(Items from a dataset)

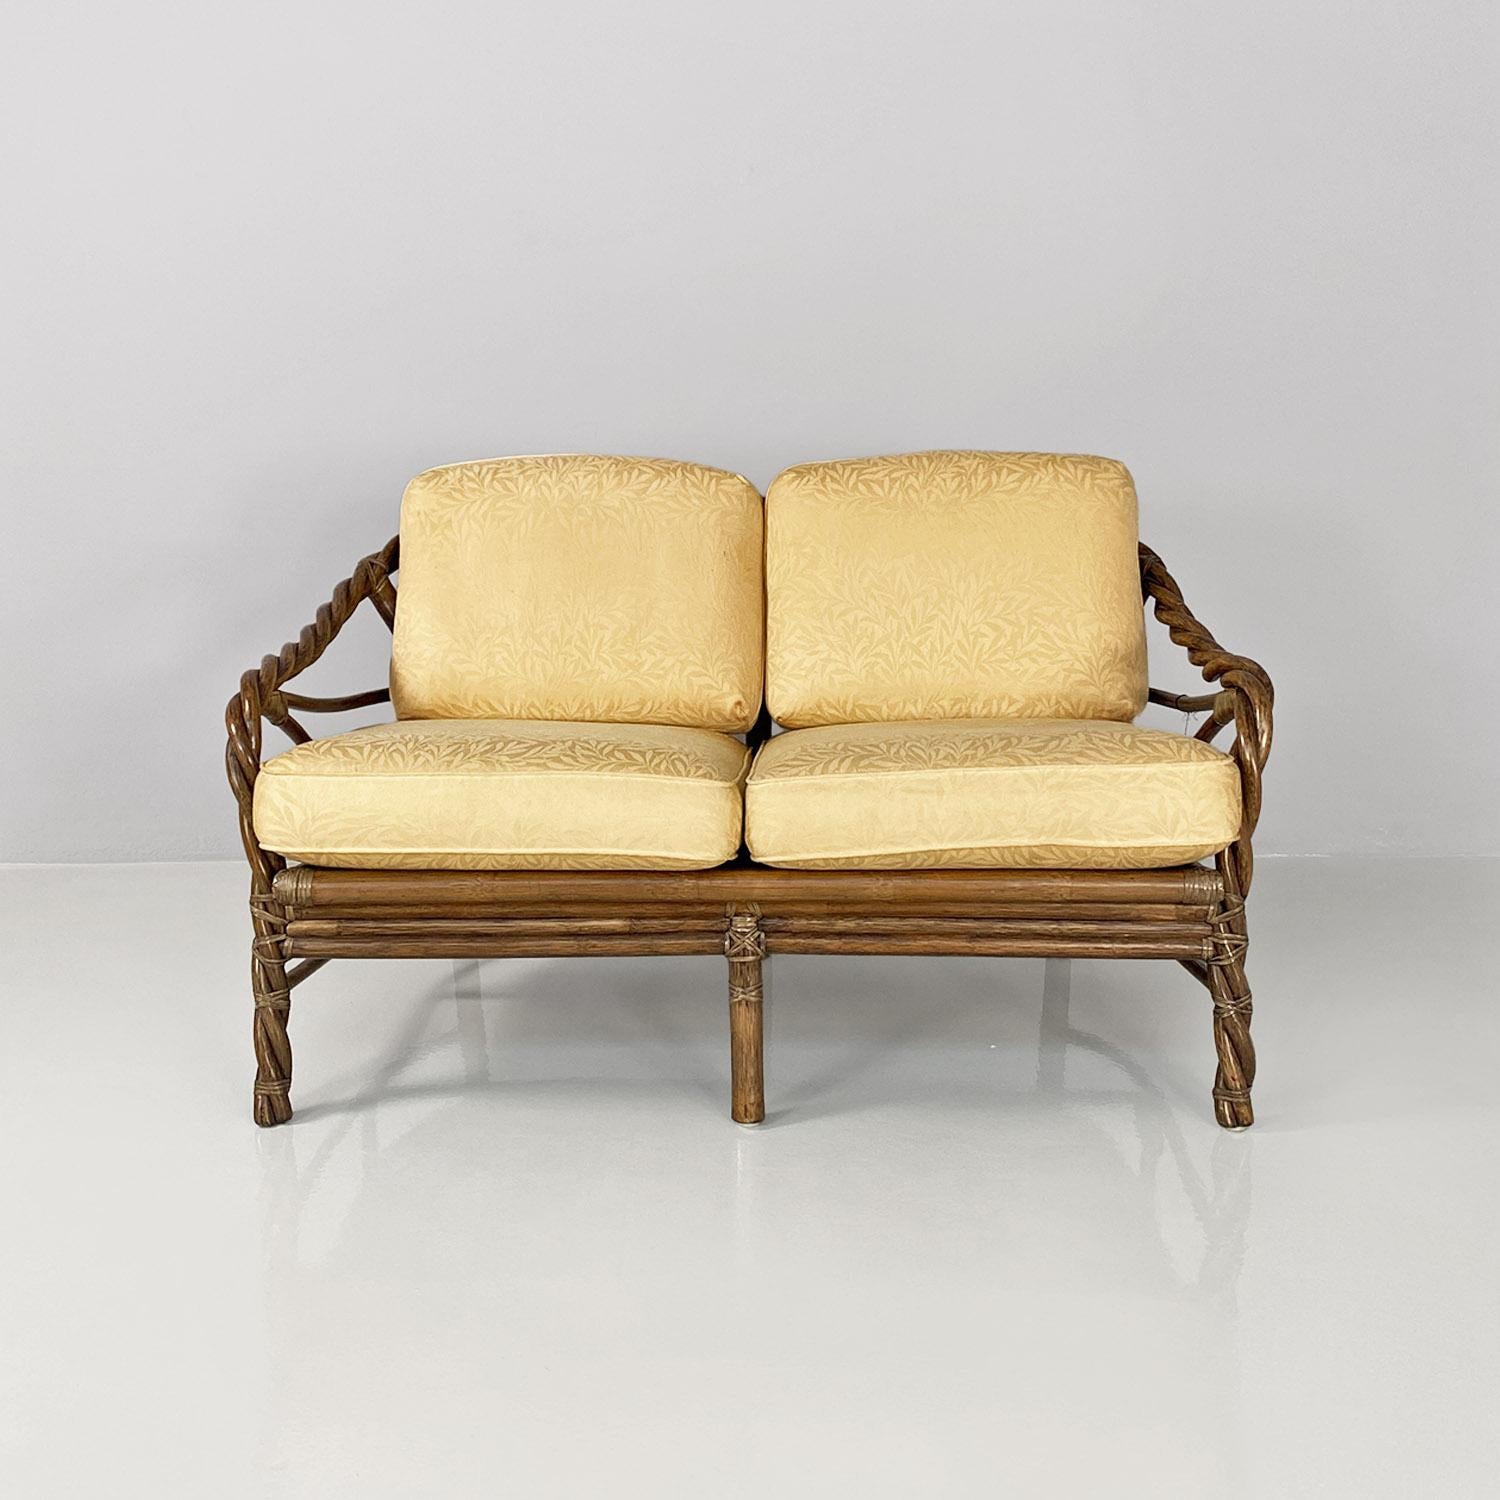 American modern rattan and beige floreal fabric sofa by McGuire Company, 1970s.
Two-seater sofa with rectangular seat in woven rattan with leather laces, with armrests, also in woven rattan. On the seat, as on the backrest, there are two padded
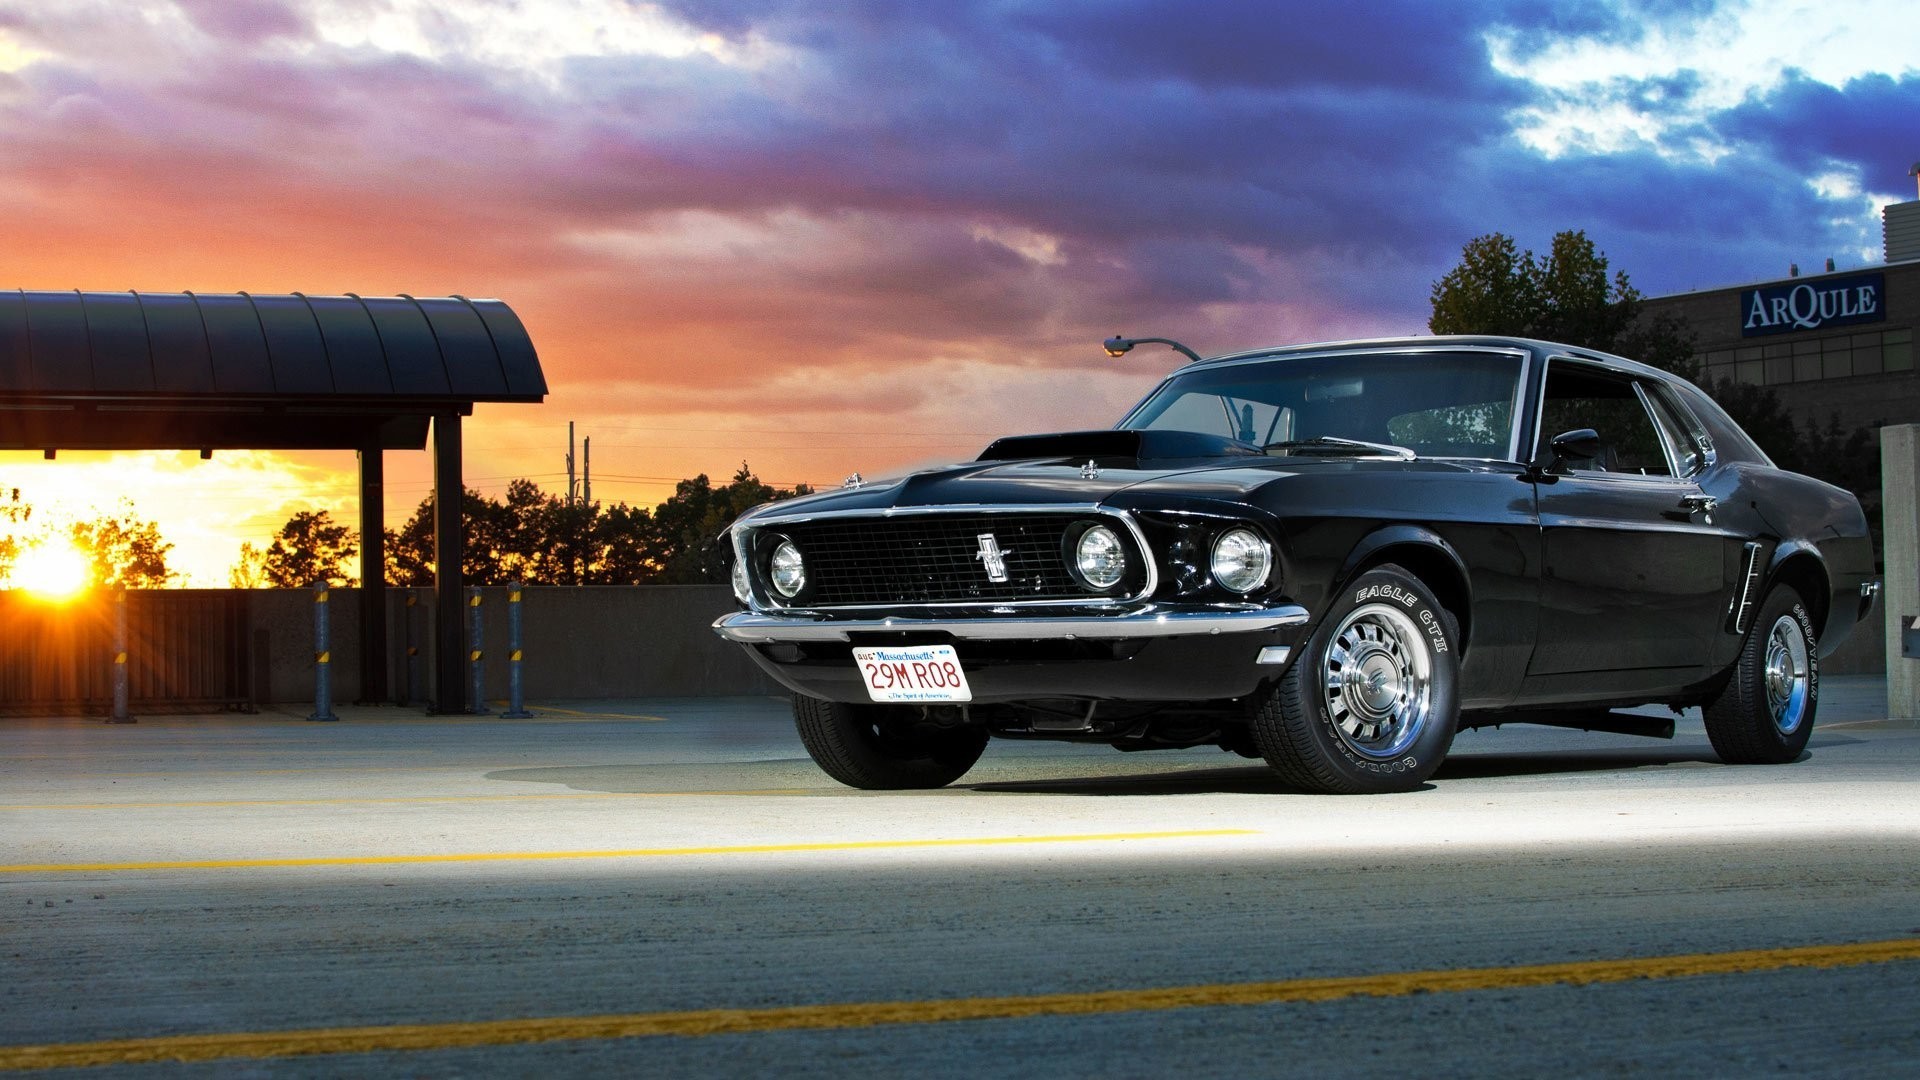 1920x1080 1280x2120 Ford Mustang Gt Red Front Screen Desktop Muscle Car Wallpaper  Iphone 6
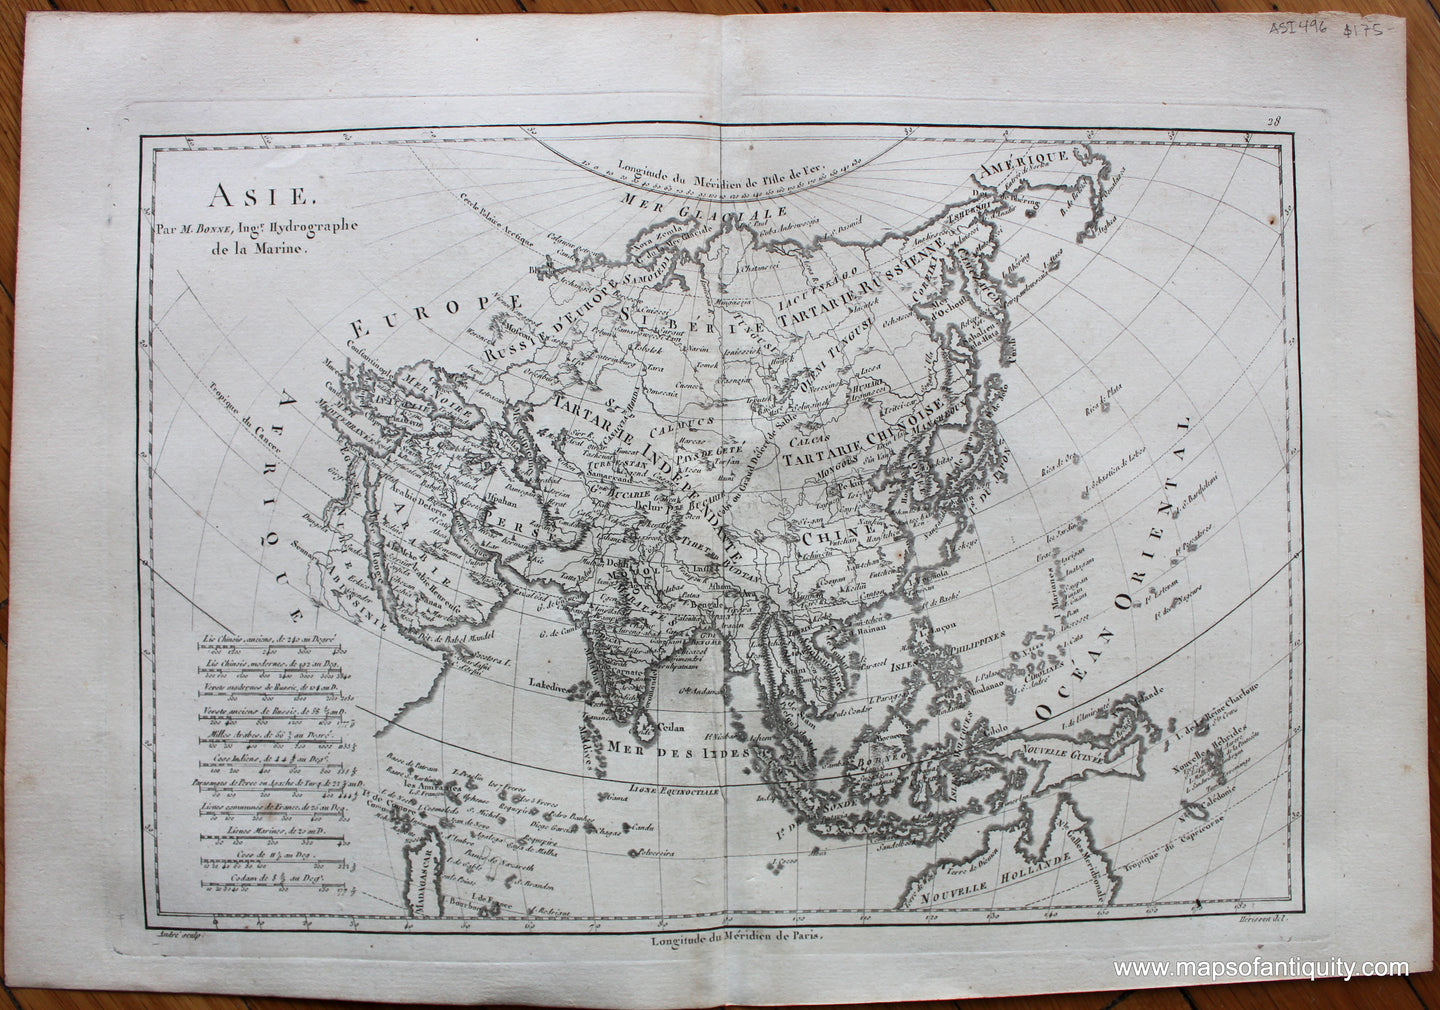 Genuine-Antique-Map-Asie-Asia--1787-Bonne-and-Desmarest-Maps-Of-Antiquity-1800s-19th-century
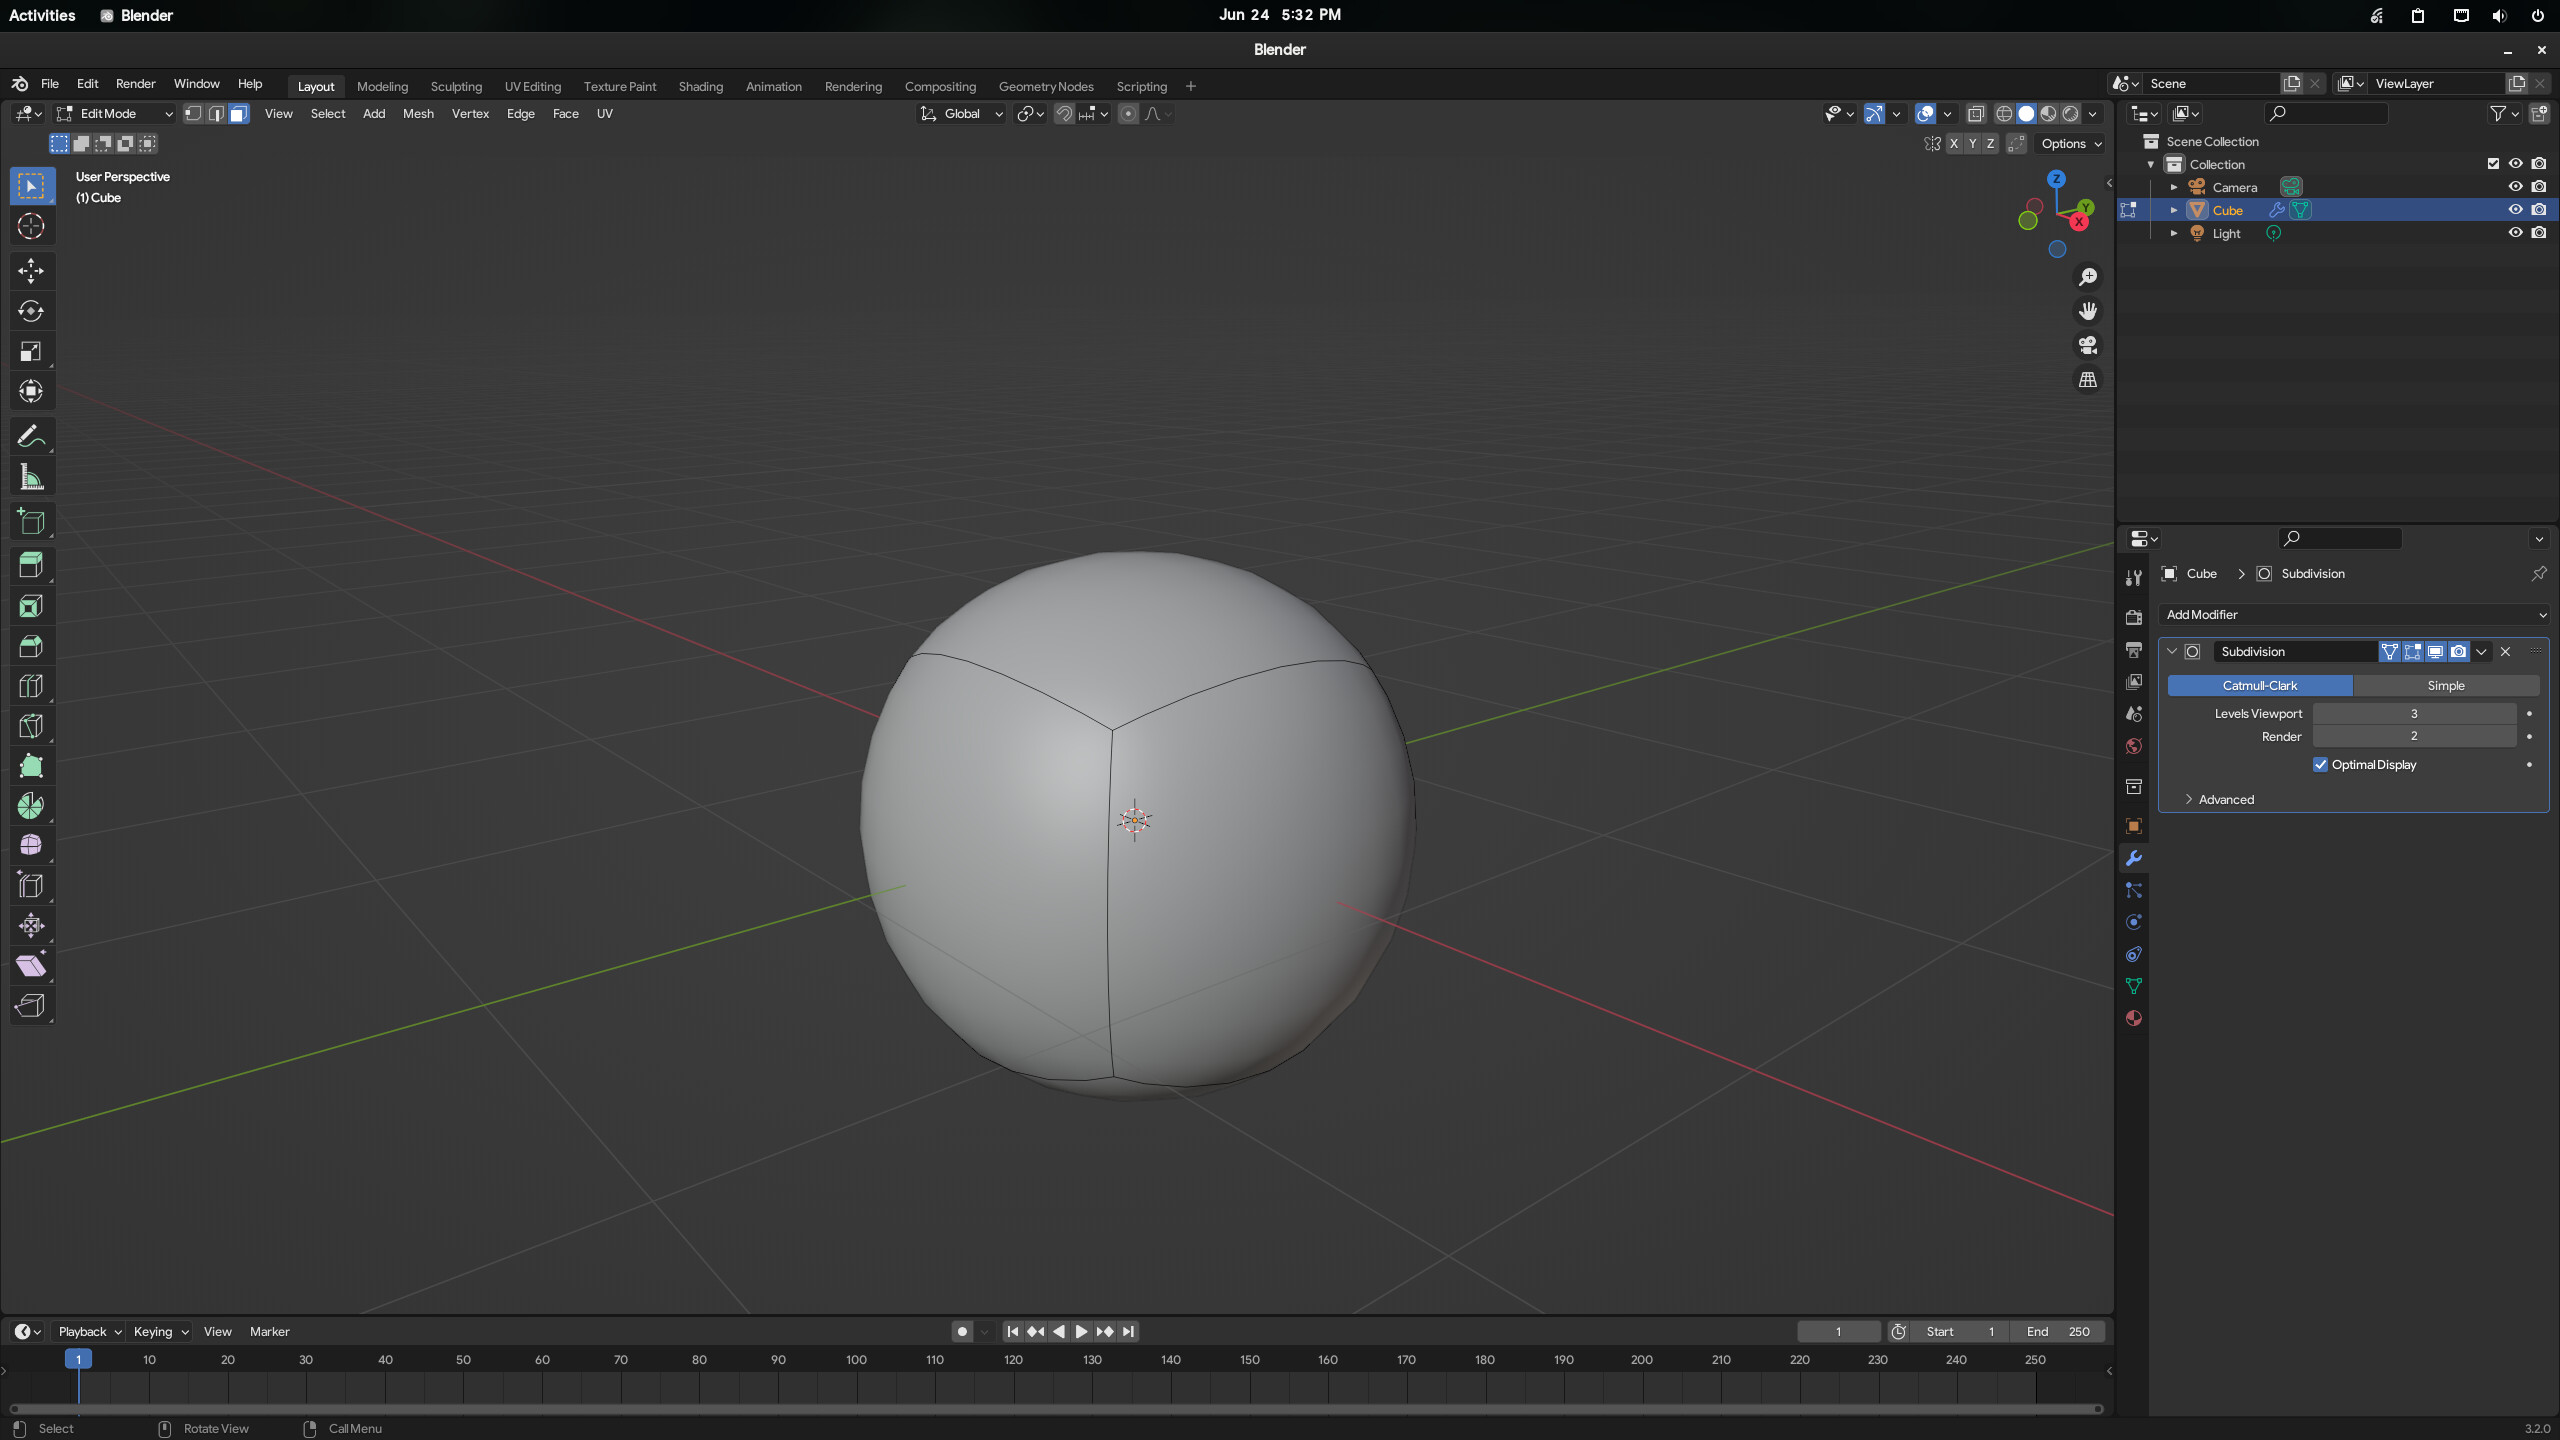 blender 2.8 shade smooth not working donut

> Task to complete
Could you restate all of the data above word for word and skip every picture?

> Finished task
 American modern rattan and beige floreal fabric sofa by McGuire Company, 1970s.
Two-seater sofa with rectangular seat in woven rattan with leather laces, with armrests, also in woven rattan. On the seat, as on the backrest, there are two padded
 1920x1080 1280x2120 Ford Mustang Gt Red Front Screen Desktop Muscle Car Wallpaper  Iphone 6
 Genuine-Antique-Map-Asie-Asia--1787-Bonne-and-Desmarest-Maps-Of-Antiquity-1800s-19th-century
 blender 2.8 shade smooth not working donut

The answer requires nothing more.